Disusun Oleh
Abdurrahman
C111 12 002
Pembimbing Residen
Supervisor
Nama : Abdurrahman
Supervisor Pembimbing
Abstrak
Cedera otak traumatik (TBI)berat dikaitkan dengan morbiditas dan mortalitas
yang signifikan. Manajemen perawatan TBI kritis membutuhkan pendekatan
pengobatan yang terkoordinasi dan komprehensif, termasuk strategi untuk
mencegah cedera otak sekunder dengan menghindari gangguan fisiologis
sistemik, seperti hipotensi, hipoksemia, hipo- dan hiperglikemia dan hipertermia,
serta pemeliharaan perfusi serebral dan oksigenasi yang adekuat. Protokol
manajemen telah berkembang dengan konsensus internasional, memberikan
panduan yang membantu klinisi dalam memberikan perawatan optimal. Brain
Trauma Foundation terus diperbarui untuk memasukkan data percobaan baru
(https://braintrauma.org/coma/guidelines).
Kata kunci
Tekanan perfusi serebral; cedera kepala; tekanan intrakranial; perawatan
neurointensif
Royal College of Anesthetists CPD Matrix: 2F01, 3C00, 3F00
Tujuan pembelajaran
Setelah membaca artikel ini, Anda harus mampu untuk:
memahami patofisiologi yang terkait dengan cedera otak traumatik berat
memahami bagaimana optimalisasi fisiologi sistemik dapat
memaksimalisasi cedera otak lebih jauh
memahami manajemen perfusi intrakranial dan serebral dipandu-tekanan
mengidentifikasi strategi yang dapat digunakan untuk mengontrol
peningkatan tekanan intrakranial.
Patofisiologi
TBI mencakup rangkaian proses cedera primer dan sekunder. Cedera primer
menggambarkan kerusakan struktural yang tidak dapat diperbaiki, seperti kontusio
atau robekan, dipertahankan pada saat terjadi benturan, sedangkan cedera
sekunder adalah proses-proses yang terjadi selanjutnya, termasuk respons
metabolik, eksitotoksik dan inflamasi.1 Cedera sekunder dapat dieksaserbasi
dengan gangguan fisiologis sistemik dan berpotensi untuk dilakukannya
perawatan.
Efek intrakranial
Perdarahan intrakranial dan edema serebral menyebabkan kerusakan struktural
langsung dan dapat menyebabkan peningkatan tekanan intrakranial (ICP) yang
pada gilirannya dapat mengganggu perfusi serebral dan memicu iskemia serebral.
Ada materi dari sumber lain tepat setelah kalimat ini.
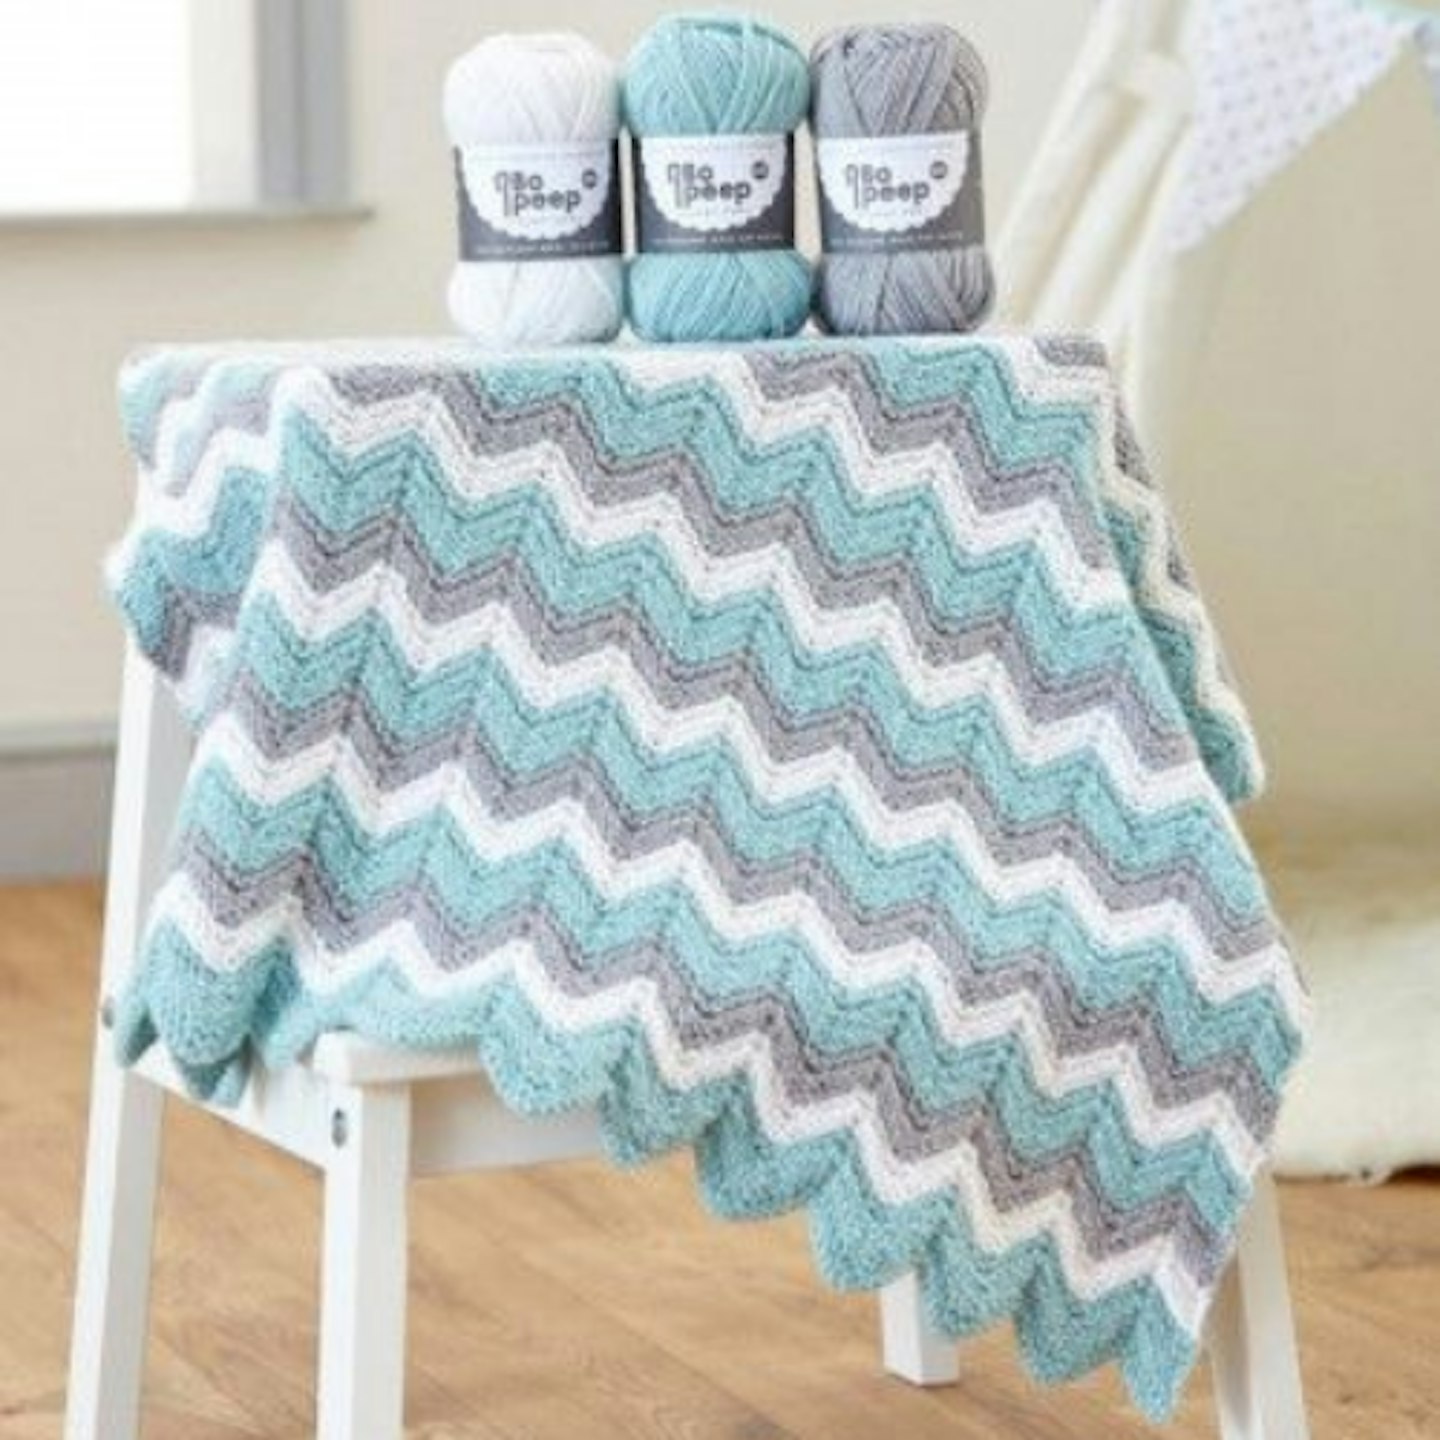 Knitted Zig-Zag Baby Blanket Kit mum to be gifts
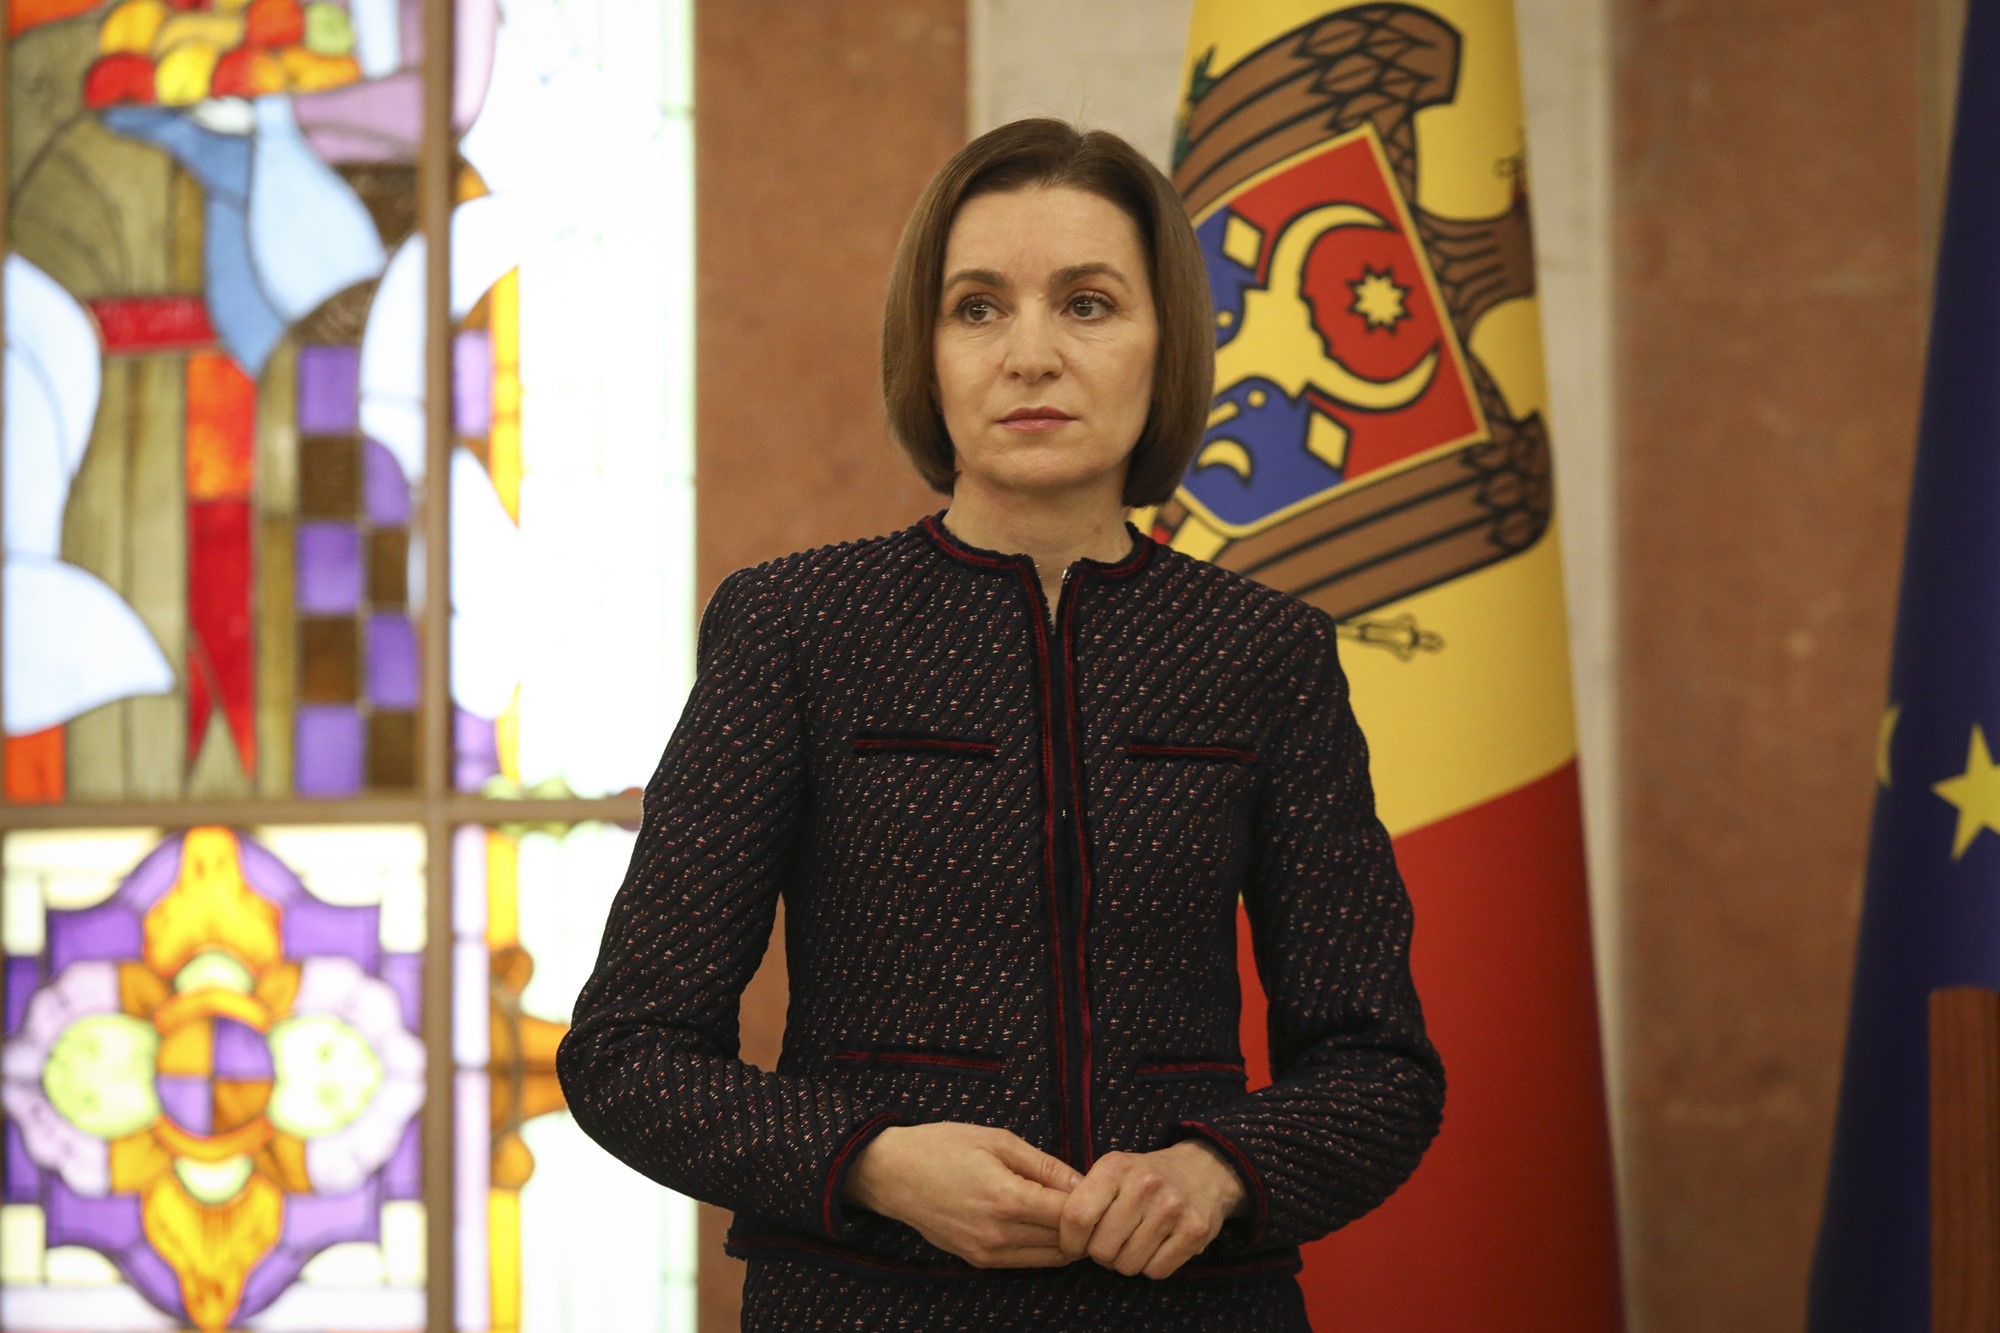 Maia stands in a chuch in front of a stained glass window and Moldovan flag.

Hal ini dapat diperburuk oleh gangguan pada autoregulasi serebral dan faktor
sistemik seperti hipoksia, hipotensi dan anemia.
Neurotransmiter yang rusak melepaskan neurotransmiter eksitasi yang
menghasilkan depolarisasi membran post-sinaps dan masuknya elektrolit
intraselular yang tidak terkontrol. Air kemudian memasuki sel di sepanjang
gradien osmotik yang dihasilkan, menyebabkan pembengkakan sel dan pecahnya
membran sel. Selain itu, konsentrasi tinggi kalsium intraseluler mengaktifkan
proses enzimatik yang juga menyebabkan kematian sel. Edema otak sitotoksik
terjadi karena disfungsi membran sel dan peningkatan akumulasi cairan
intraselular. Edema vasogenik di sisi lain berhubungan dengan gangguan
endotelium dan transit elektrolit dan air yang tidak terkontrol ke dalam ruang
ekstraselular. Kedua proses ini menghasilkan umpan balik positif yang
memperburukedema dan iskemia serebral(Gambar 1).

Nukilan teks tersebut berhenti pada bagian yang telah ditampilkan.